* [PROBLEM STATEMENT]
Type the listing below out again exactly. No images.

* [SUPPLIED INFORMATION]
# # # #

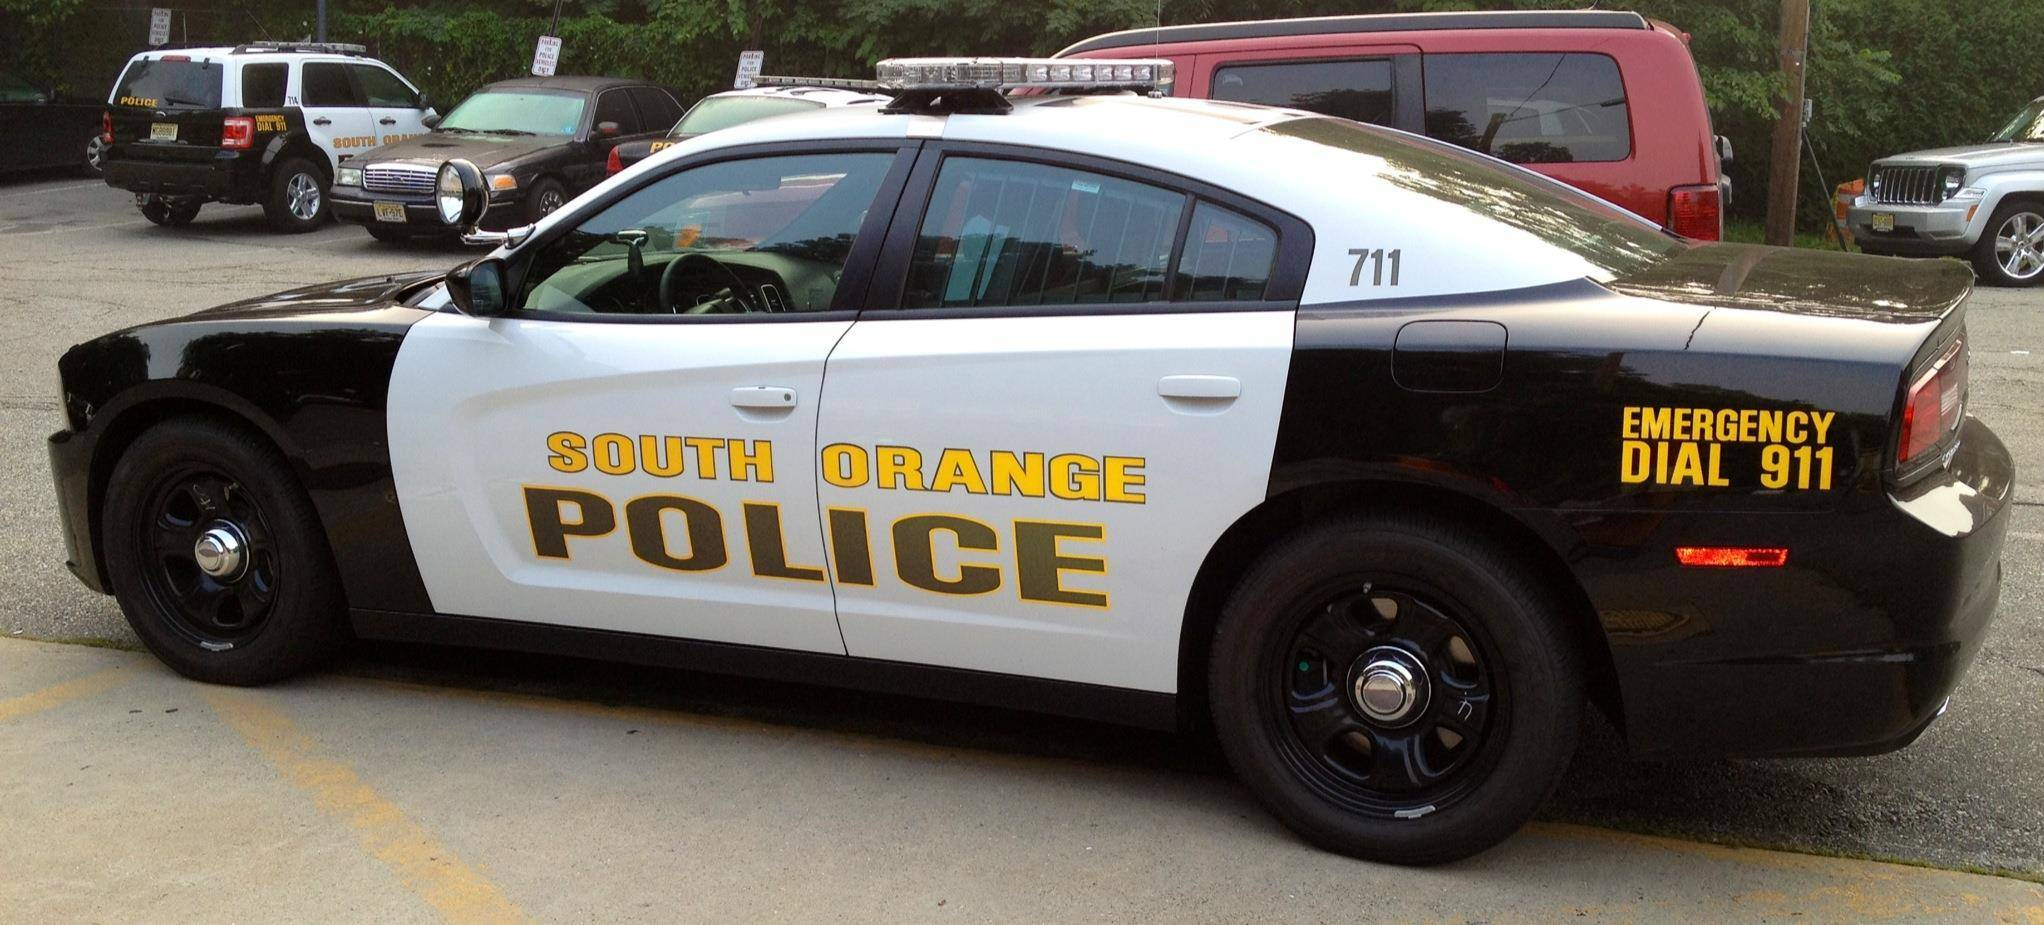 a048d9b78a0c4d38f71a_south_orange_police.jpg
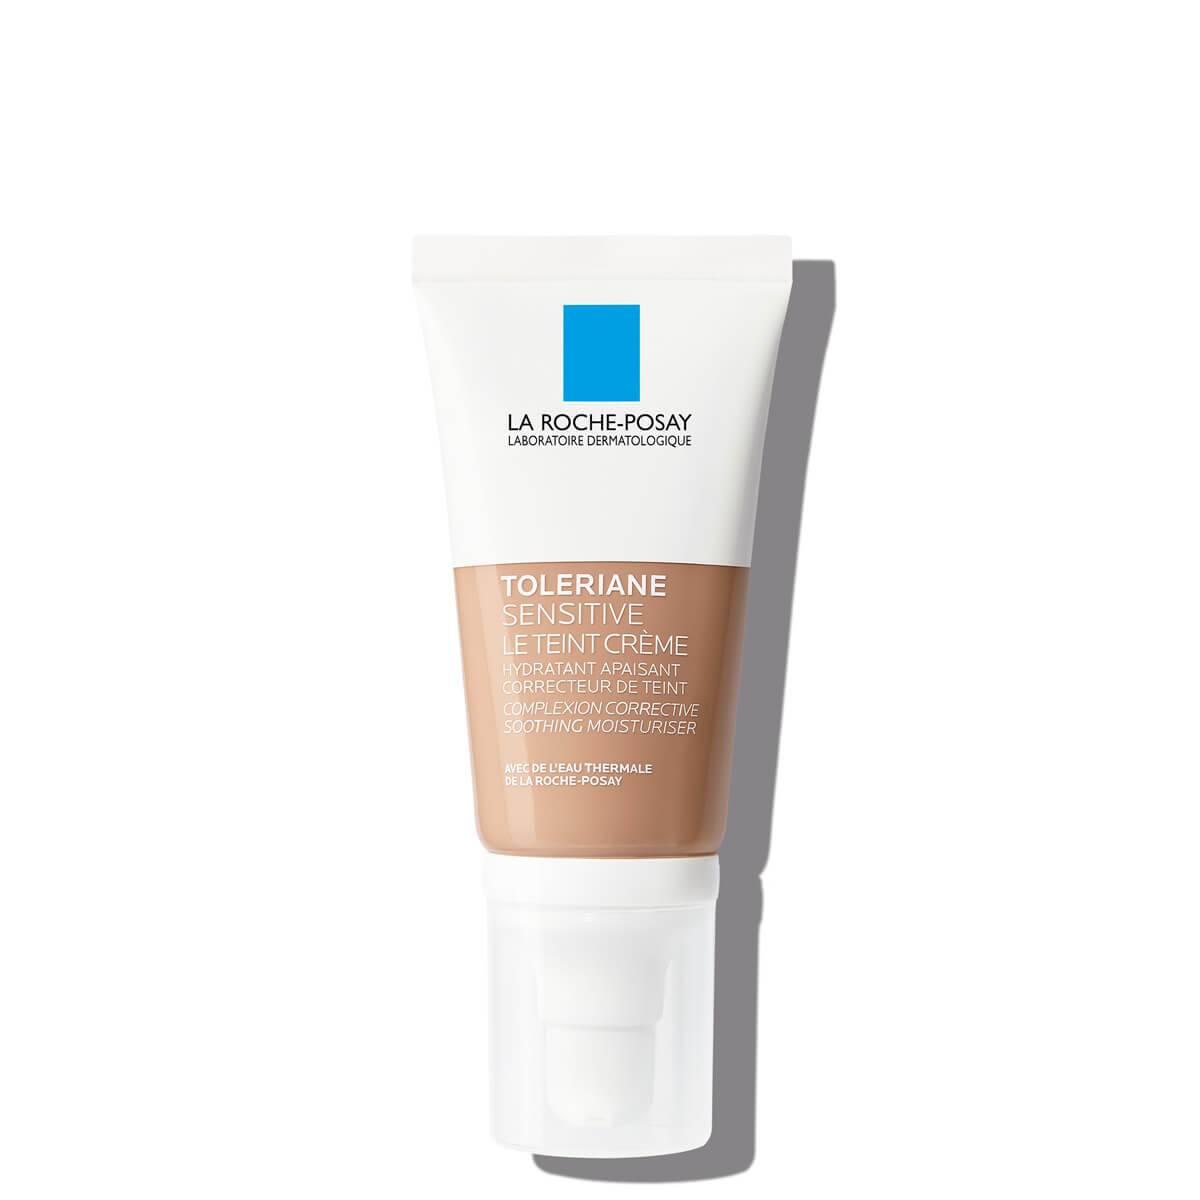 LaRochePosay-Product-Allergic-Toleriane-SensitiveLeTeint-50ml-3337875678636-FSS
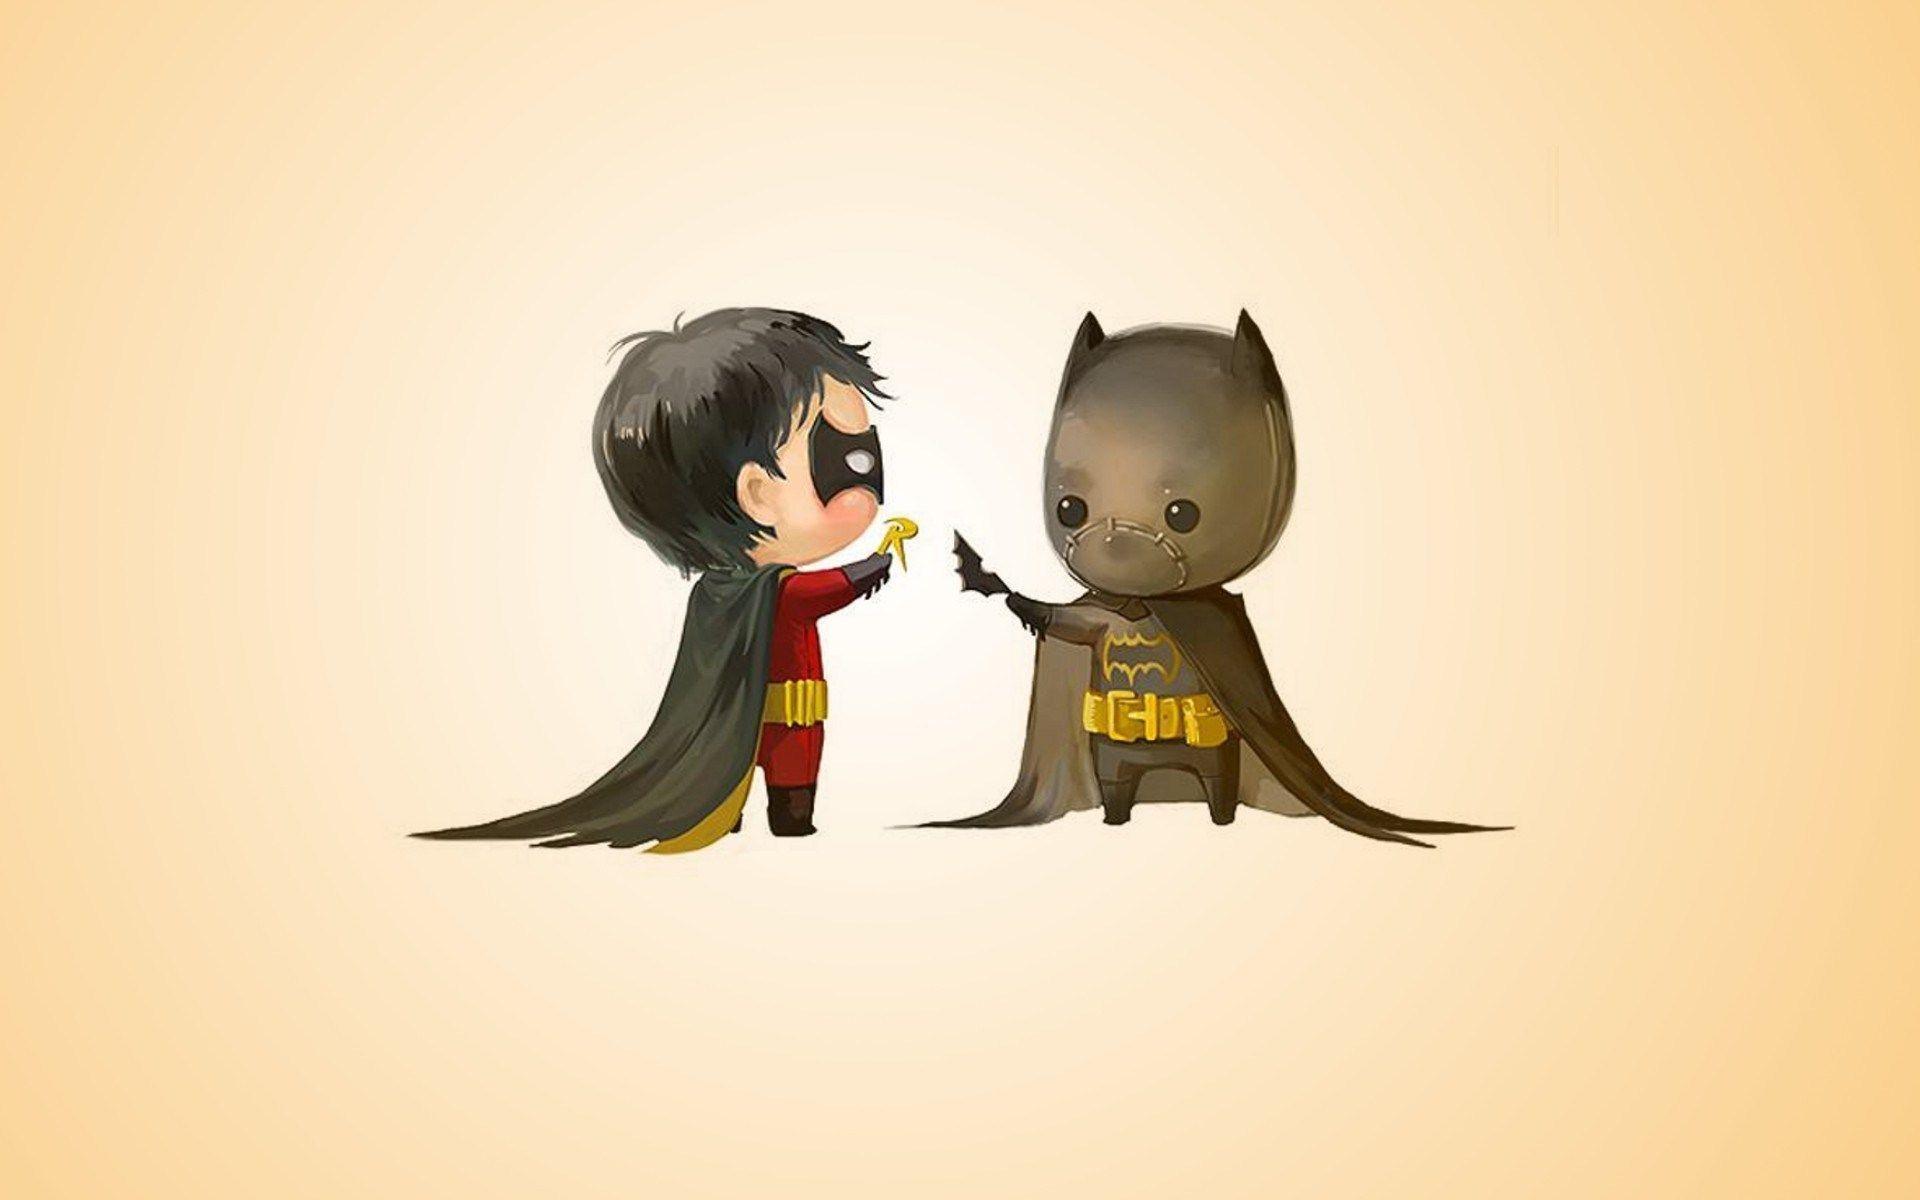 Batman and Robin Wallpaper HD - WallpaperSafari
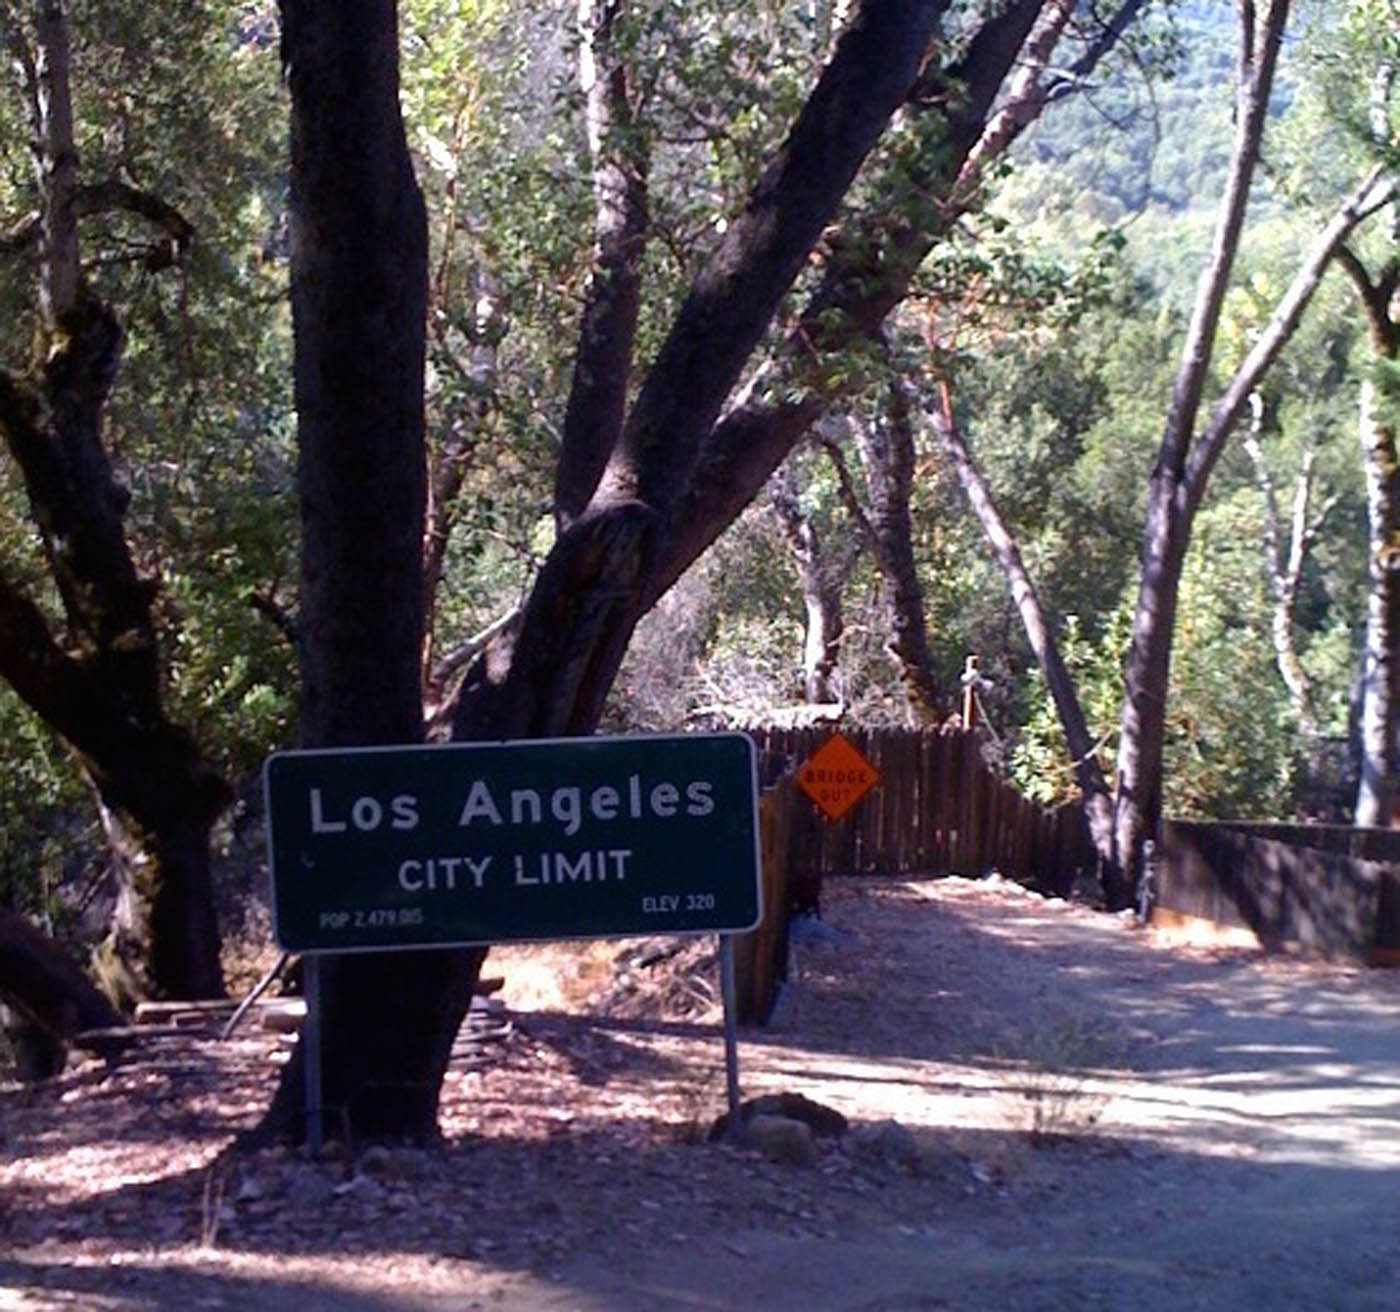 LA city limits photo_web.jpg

# # # #

* [ANSWER TO THIS PROBLEM]
 a048d9b78a0c4d38f71a_south_orange_police.jpg
 LaRochePosay-Product-Allergic-Toleriane-SensitiveLeTeint-50ml-3337875678636-FSS
 Batman and Robin Wallpaper HD - WallpaperSafari
 LA city limits photo_web.jpg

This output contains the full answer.